Working with Files and Directories I
Working with Files
Our data set: FASTQ files
Now that we know how to navigate around our directory structure, let’s start working with our sequencing files. We did a sequencing experiment and have two results files, which are stored in our untrimmed_fastq
directory.
Wildcards
Navigate to your untrimmed_fastq
directory:
$ cd shell_data/untrimmed_fastq
We are interested in looking at the FASTQ files in this directory. We can list all files with the .fastq extension using the command:
$ ls *.fastq
Output:
SRR097977.fastq SRR098026.fastq
The *
character is a special type of character called a wildcard, which can be used to represent any number of any type of character. Thus, *.fastq
matches every file that ends with .fastq
.
This command lists only the file that ends with 977.fastq
. Command:
$ ls *977.fastq
Output:
SRR097977.fastq
Now lest search for files in your root directory. The following command lists every file in /usr/bin
that ends in the characters .sh
. Note that the output displays full paths to files, since each result starts with /
.
Command:
$ ls /usr/bin/*.sh
Output:
/usr/bin/findssl.sh /usr/bin/gettext.sh
Exercise
Do each of the following tasks from your current directory using a single ls
command for each:
- List all of the files in
/usr/bin
that start with the letter ‘c’. - List all of the files in
/usr/bin
that contain the letter ‘a’. - List all of the files in
/usr/bin
that end with the letter ‘o’.
Bonus: List all of the files in /usr/bin
that contain the letter ‘a’ or the letter ‘c’.

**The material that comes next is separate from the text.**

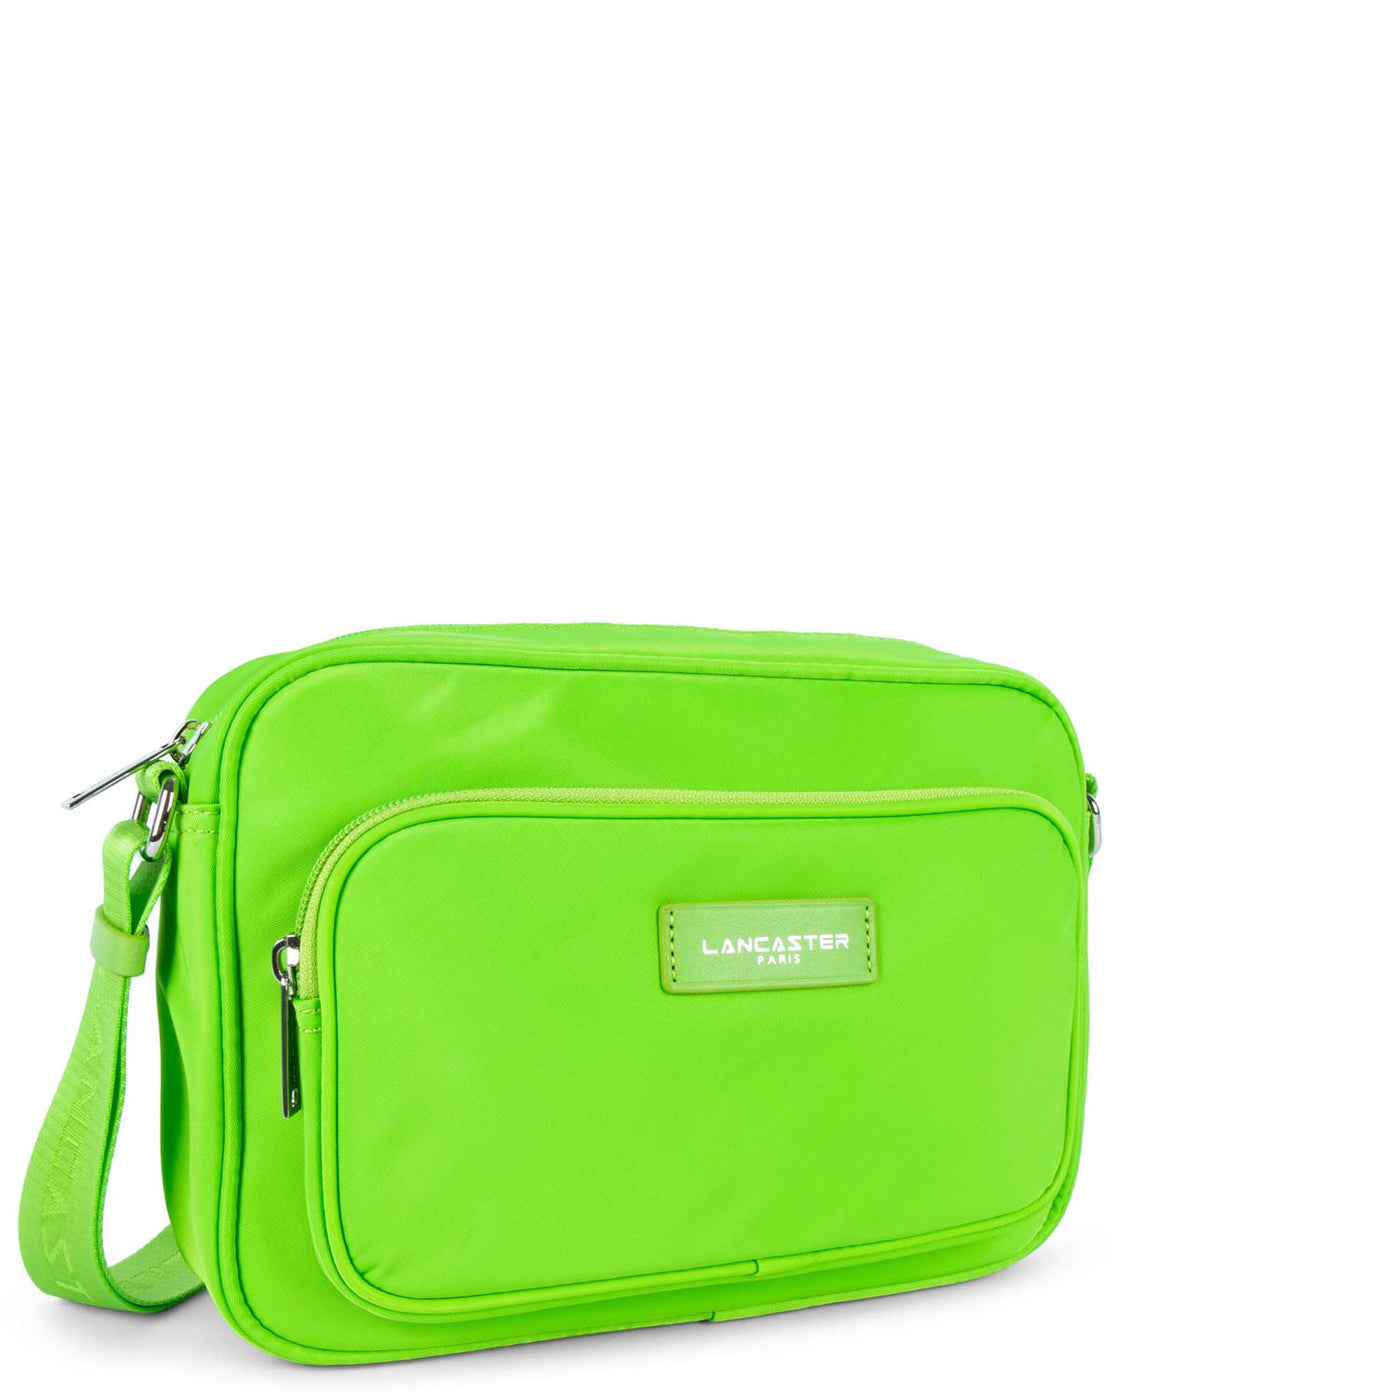 grand sac trotteur - basic vita #couleur_vert-clair

Hint: The bonus question requires a Unix wildcard that we haven’t talked about yet. Try searching the internet for information about Unix wildcards to find what you need to solve the bonus problem.
ls /usr/bin/c*
ls /usr/bin/*a*
ls /usr/bin/*o
Bonus:ls /usr/bin/*[ac]*
Exercise
echo
is a built-in shell command that writes its arguments, like a line of text to standard output. The echo
command can also be used with pattern matching characters, such as wildcard characters. Here we will use the echo
command to see how the wildcard character is interpreted by the shell.
Command:
$ echo *.fastq
Output:
SRR097977.fastq SRR098026.fastq
The *
is expanded to include any file that ends with .fastq
. We can see that the output of echo *.fastq
is the same as that of ls *.fastq
.
What would the output look like if the wildcard could not be matched? Compare the outputs of echo *.missing
and ls *.missing
.
##Solution
Command:
$ echo *.missing
Output:
*.missing
Command:
$ ls *.missing
Output: Note: This is an example
ls: cannot access '*.missing': No such file or directory
Command History
If you want to repeat a command that you’ve run recently, you can access previous commands using the up arrow on your keyboard to go back to the most recent command. Likewise, the down arrow takes you forward in the command history.
A few more useful shortcuts:
- Ctrl+C will cancel the command you are writing, and give you a fresh prompt.
- Ctrl+R will do a reverse-search through your command history. This is very useful.
- Ctrl+L or the
clear
command will clear your screen.
You can also review your recent commands with the history
command, by entering:
$ history
to see a numbered list of recent commands. You can reuse one of these commands directly by referring to the number of that command.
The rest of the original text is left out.